Previously, Alte’s correspondent offered an advance schedule of plays scheduled for performance at the Trump (formerly Kennedy) Center for the Performing Arts this year, but that list appears to have been withdrawn and replaced by new selections. We cannot guarantee that the plays discussed here are final choices; apparently the President is waiting to receive large, illustrated synopses of them from his advisors before consenting to their production. Unable to wait that long, we pass along a few that have been proposed. —Ed.
According to our sources, the Chairman of the Trump Center for the Performing Arts will soon announce plans to have three sensational, very huge new plays and a wrestling competition staged at his Washington, D.C. arts showcase, formerly known as the Kennedy Center. The plays are later expected to tour the country, with all expenses paid by corporate sponsors.

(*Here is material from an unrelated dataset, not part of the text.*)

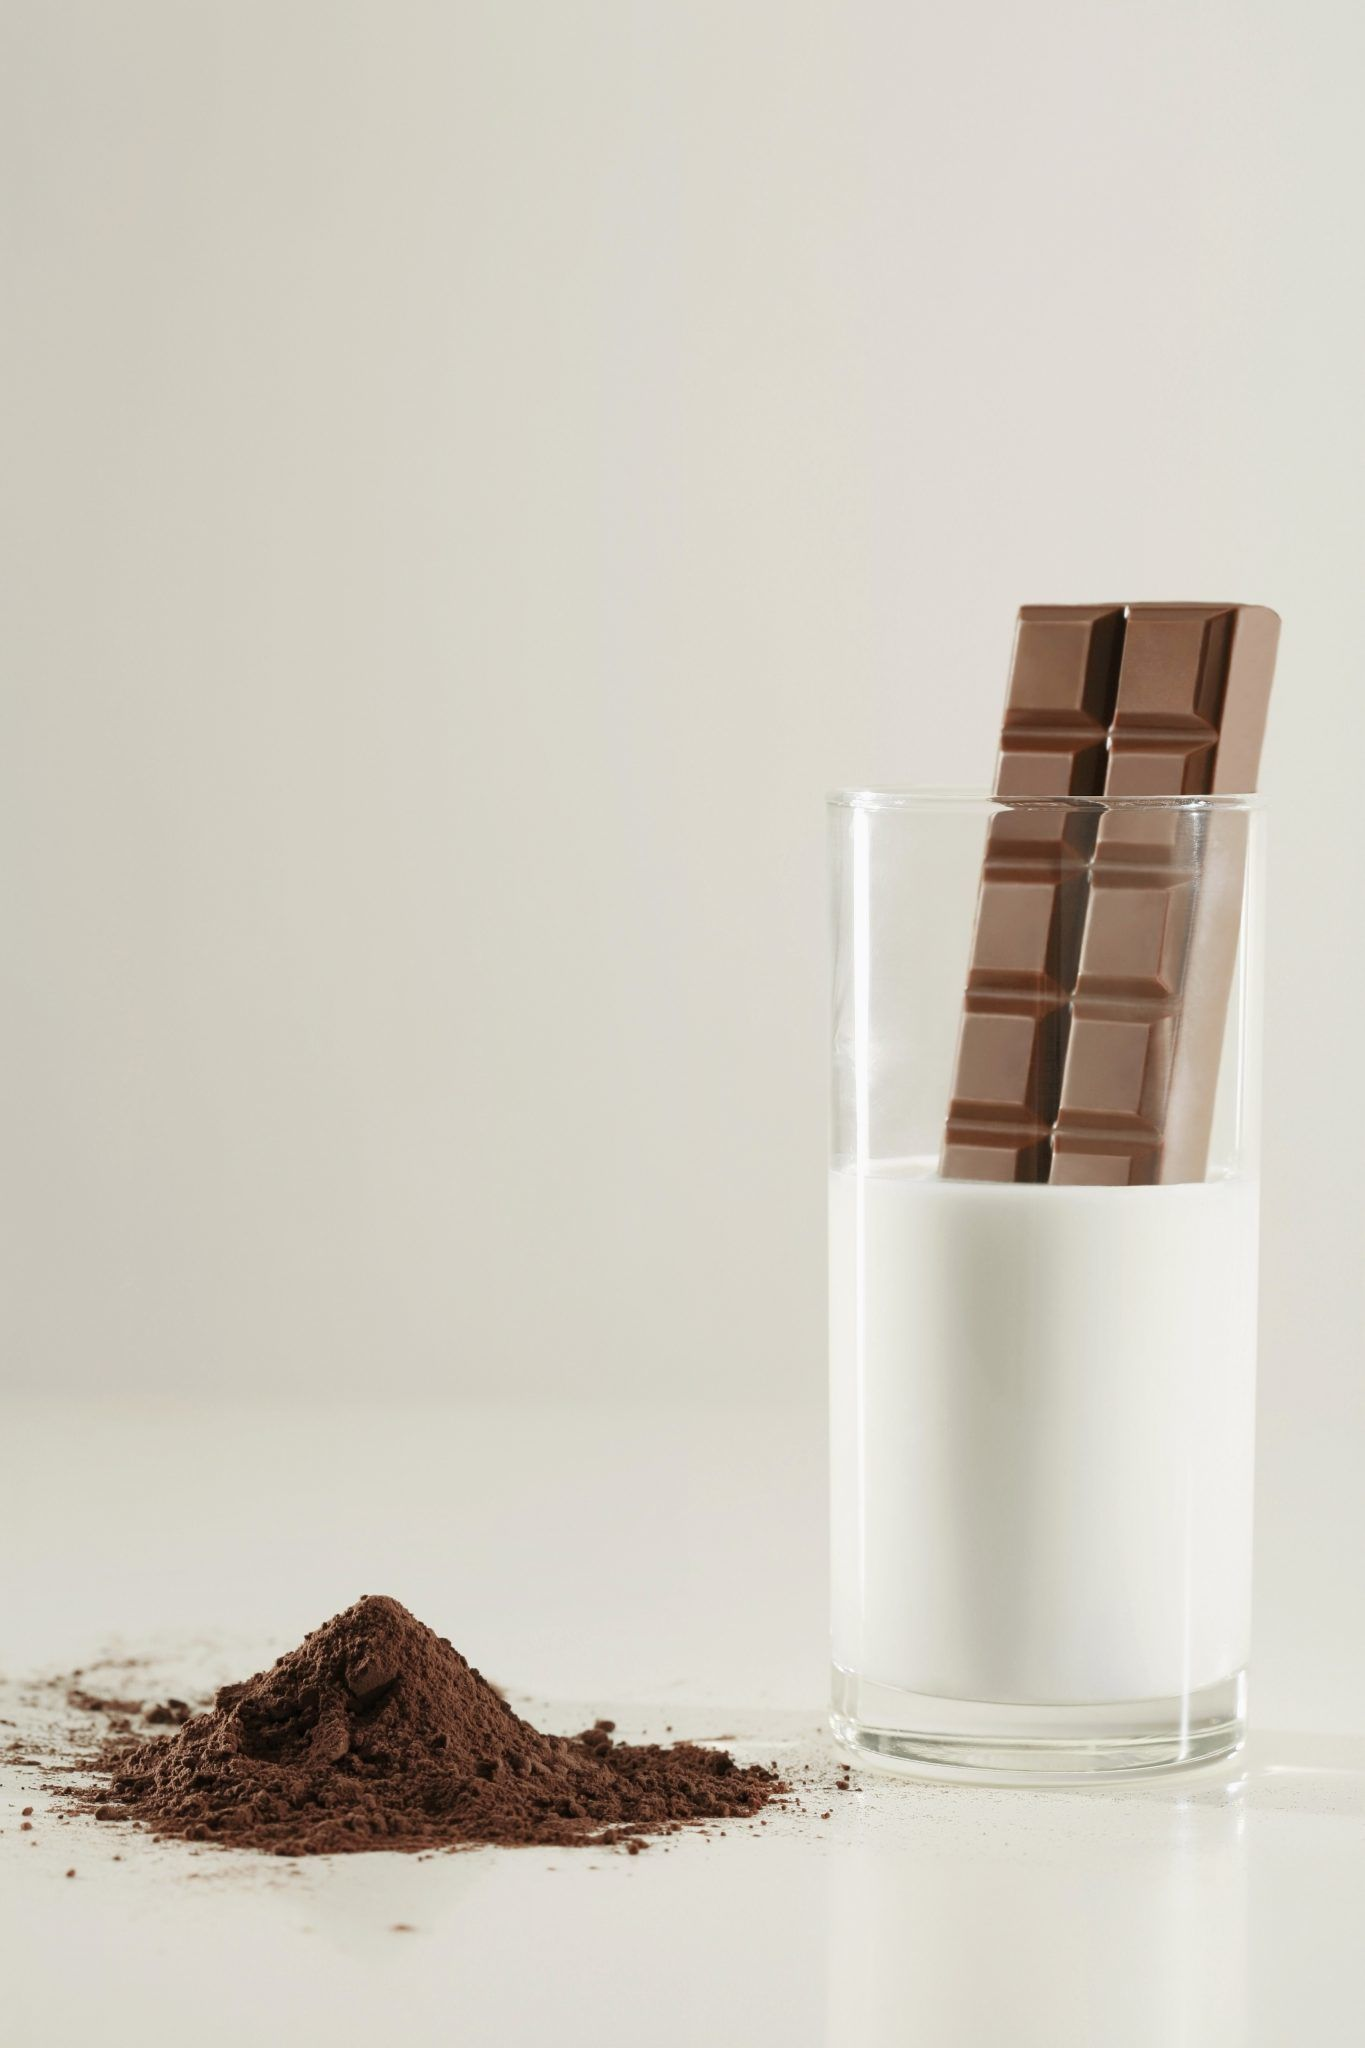 Schokolade in der Schwangerschaft

Following the withdrawal of the musical Hamilton from the schedule due to its diversity, equity and inclusion policies, Chairman Donald Trump is expected to replace it with the world premiere of McKinley. “This spectacular new musical,” according to an unpublished White House press release, “is based on the daring acts of a great American President sadly assassinated but not before he imposed tariffs on trade, setting a fine example for the nation’s current leadership. Most of McKinley’s songs,” press release notes, “will be sung from the top of a mountain (Mount McKinley, of course), built especially for this production. We’re literally going to raise the roof with this fantastic scenery.
“The author of play’s book and music is the great writer AI.” Indeed, Mr. Trump now spends much of his time conferring with AI and actresses about their new plays, and driving balls across golf courses. He also serves as President of the United States every Tuesday.
The same McKinley mountain will be featured four weeks later in a new, “approximating” production of Samuel Beckett’s classic Happy Days. Inspired by Beckett, AI’s play will begin with a woman named Winnie buried up to her waist in scorched earth. This part of the story actually can be found in Beckett’s original script. “I’ve been auditioning many talented actresses for the role,” Trump has written on his Social Truth site.
His assistant director (who showed us a dramaturgy degree from the Geffen, formerly Yale, School of Drama) said Beckett’s storyline has been improved by AI’s writing, based on Trump’s suggestions. The mountain on which Winnie rests now contains rare earth minerals sought by many nations, and in Act Two, which departs from Beckett’s story to follow Trump’s own plot, a tremendous deal is struck to send Winnie and her husband (who lives on the other side of her mountain) to the new Gaza Riviera, all expenses paid, while the minerals under her are mined for Tesla and for a new communications breakthrough, Muskphones, which transmit all conversations to a government eavesdropper at no additional cost to the customer.
The entire cast (all two of them) sings “Happy Days Are Here Again” before the curtain falls.
“We had some problems with the Beckett estate after they heard about our production,” a Trump Center lawyer admitted. “They objected to all the changes in his script. The song is not by Beckett, either. But we pointed out that the author [who died in 1989 —Ed.] never answered our questionnaire asking for five of his recent accomplishments and whether he promotes climate justice, DEI, or terrorism. In fact, one could argue that his original play, with its mound of scorched grass and desolate landscape, was a kind of protest against climate change.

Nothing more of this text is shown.